Treatment for trigeminal neuralgia typically begins with medications. Most people respond to medications positively, thus, would not require other forms of treatment. Your doctor may prescribe drugs that help block the signals of pain that travel to the brain. 

These drugs include:

  • Anticonvulsants. One of the most prescribed medications to treat trigeminal neuralgia. Anticonvulsants like carbamazepine, oxcarbazepine, lamotrigine, and phenytoin are typically used. 
  • Antispasmodic agents. These muscle-relaxing agents can help alleviate the symptoms and minimize the number of attacks. Baclofen is one example of antispasmodic drugs, which can be given as is, or combined with a certain anticonvulsant.

When medications do not work, your doctor may suggest other treatment options, such as:

  • Botox injections. There are studies showing Botox injections can help ease the pain caused by trigeminal neuralgia. The treatment is still not a popular treatment method, however, since there is only little research backing the claim.
  • Surgery. Surgery is done to stop the compression of the trigeminal nerve due to contact with a blood vessel. During surgery, the trigeminal nerve is damaged to avoid further malfunctioning. The process may cause temporary, or even permanent numbness of the face; and like any other surgical process, the symptoms are not guaranteed to completely subside and could recur after a few months or years. 
  • Microvascular decompression and Gamma Knife radiosurgery are two common types of surgery done to treat trigeminal neuralgia.

Other procedures

Apart from medications and surgeries, your doctor may want to try other types of procedures to treat trigeminal neuralgia. These include Rhizotomy, in which the nerve fibers are destroyed to generally numb the face. 

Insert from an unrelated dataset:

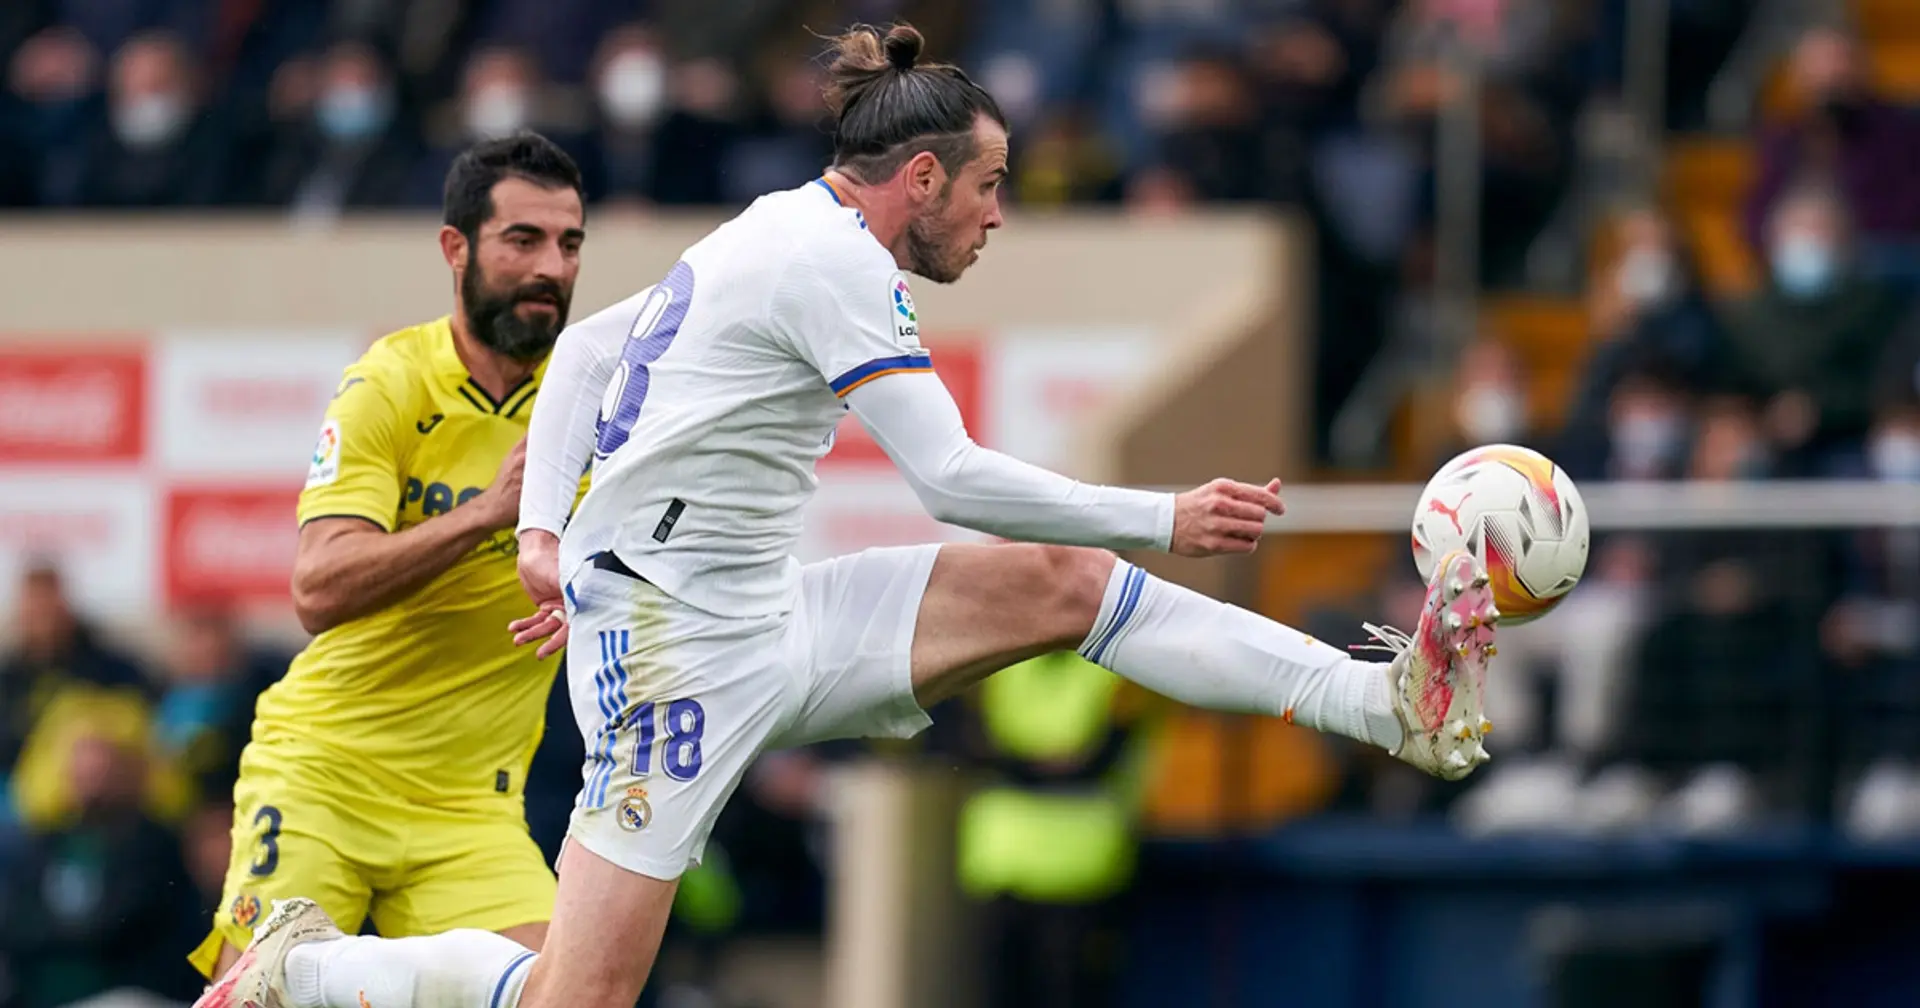 Bale - 7, Marcelo - 3: valoración de los jugadores del Real Madrid en el empate ante el Villarreal

Glycerol injection, balloon compression, and Radiofrequency thermal lesioning are different types of Rhizotomy often used to treat this condition. 

When choosing your options, it is very important to discuss each of one with your doctor. Ask the pros and cons and possible risks and complications that go with your treatment choice. 

6 Alternative and Homeopathic Remedies

Remedies or alternative treatments are not proven to treat trigeminal neuralgia, but some people claim to have improved using this course of medicine. If you choose to use alternative options, make sure to discuss it first with your doctor to avoid any adverse effects. 

Popular alternative treatments for trigeminal neuralgia are acupuncture, chiropractic therapy, nutritional and vitamin therapies, and biofeedback therapy. 

7 Lifestyle and Coping

Lifestyle modifications are necessary in order to cope with trigeminal neuralgia.

Living with this condition can prove to be difficult. Trigeminal neuralgia may greatly affect your productivity and quality of life, as well as impact your relationships with family and friends.

Finding an encouraging and understating support group can be a big help. 

Groups in which the members share own experiences and know about the latest treatment options can give you the support and encouragement you need.

It is also important to inform your trusted friends and family members about your condition to avoid any misunderstanding. 

Ask your doctor about a support group near you that can cater to your needs.